Higher spending will check liquidity


THE government’s plan to spend more, particularly for infrastructure building, will help monetary authorities in mopping up excess liquidity from the economy which now totals an estimated P1 trillion.

Public spending in the first half of the year had increased by 14 percent to P1.22 trillion, according to the latest cash operations report of the Department of Finance (DOF).

Bangko Sentral ng Pilipinas (BSP) has welcomed this growth in expenditure and its deputy governor, Diwa Guinigundo, has said that higher government spending means that there will be scope of greater use of domestic liquidity or the amount of money circulating in the economy.

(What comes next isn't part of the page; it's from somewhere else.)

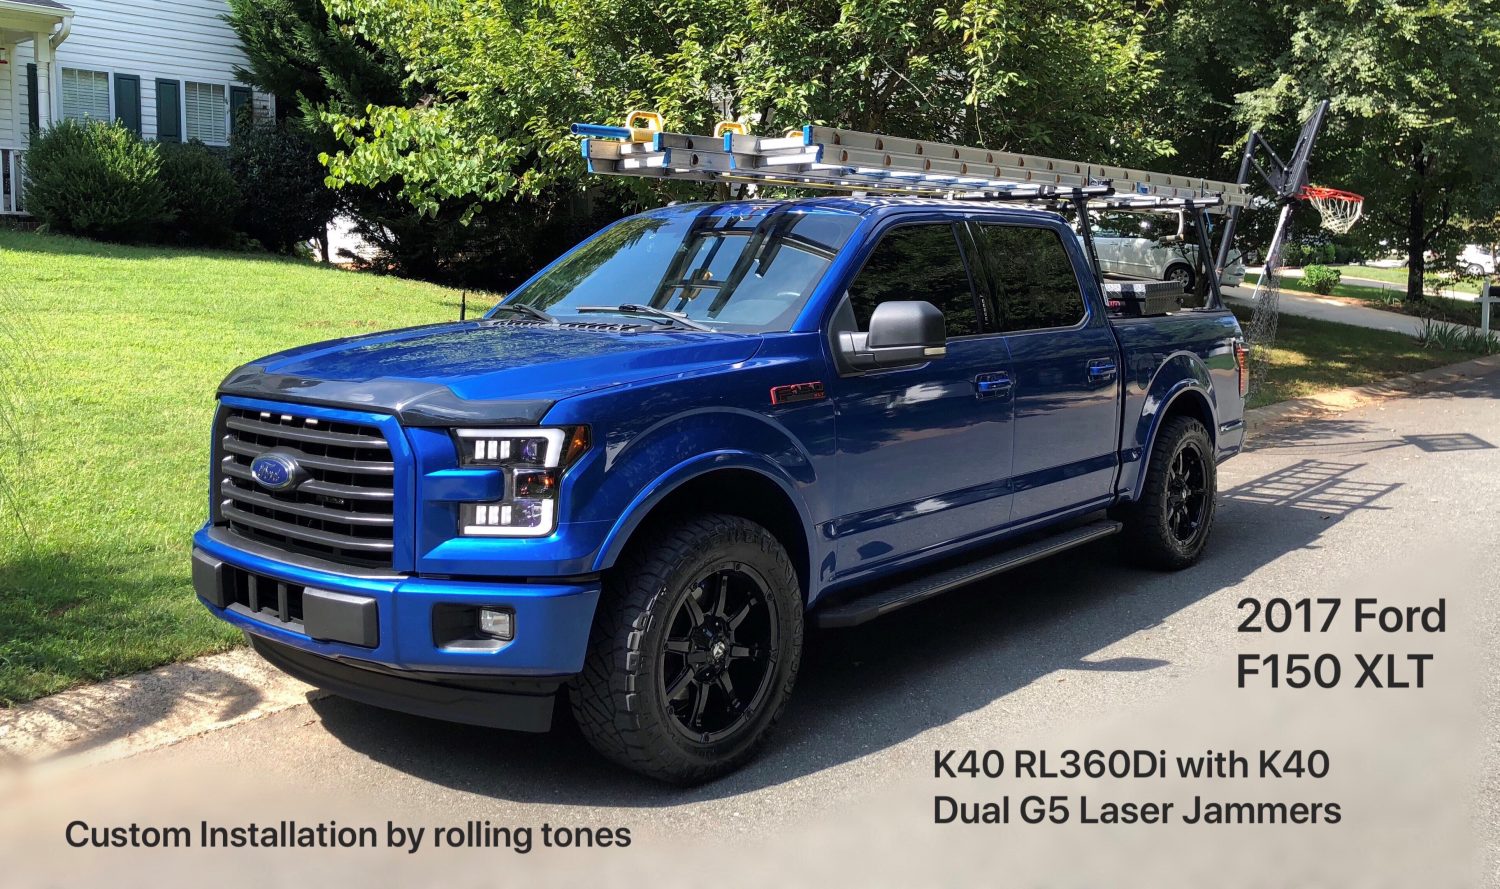 K40 radar detector and laser jammers on a Ford F150 XLT

The pressure to mop up the liquidity will be lower compared with what it could be in the absence of higher public spending, he stressed.

“We have been expecting that fiscal policy will be more expansionary because there is a scope for expanded public spending,” he added and noted that revenues are growing and “the need for infrastructure remains very serious because there is a large infrastructure gap.”

There is also a gap in public spending in health and education, he pointed out.

The present P 1 trillion in the economy are being mop up by monetary authorities through the reserve requirement ratio of banks, and its tools under the Interest Rate Corridor system such as the overnight deposit (ODF) and term deposit facilities (TDF).

“There will be greater use of domestic liquidity. Banks would simply have to withdraw their funding in ODF and TDF. We do not have to mop up as much as we should be doing at this point” said Guinigundo.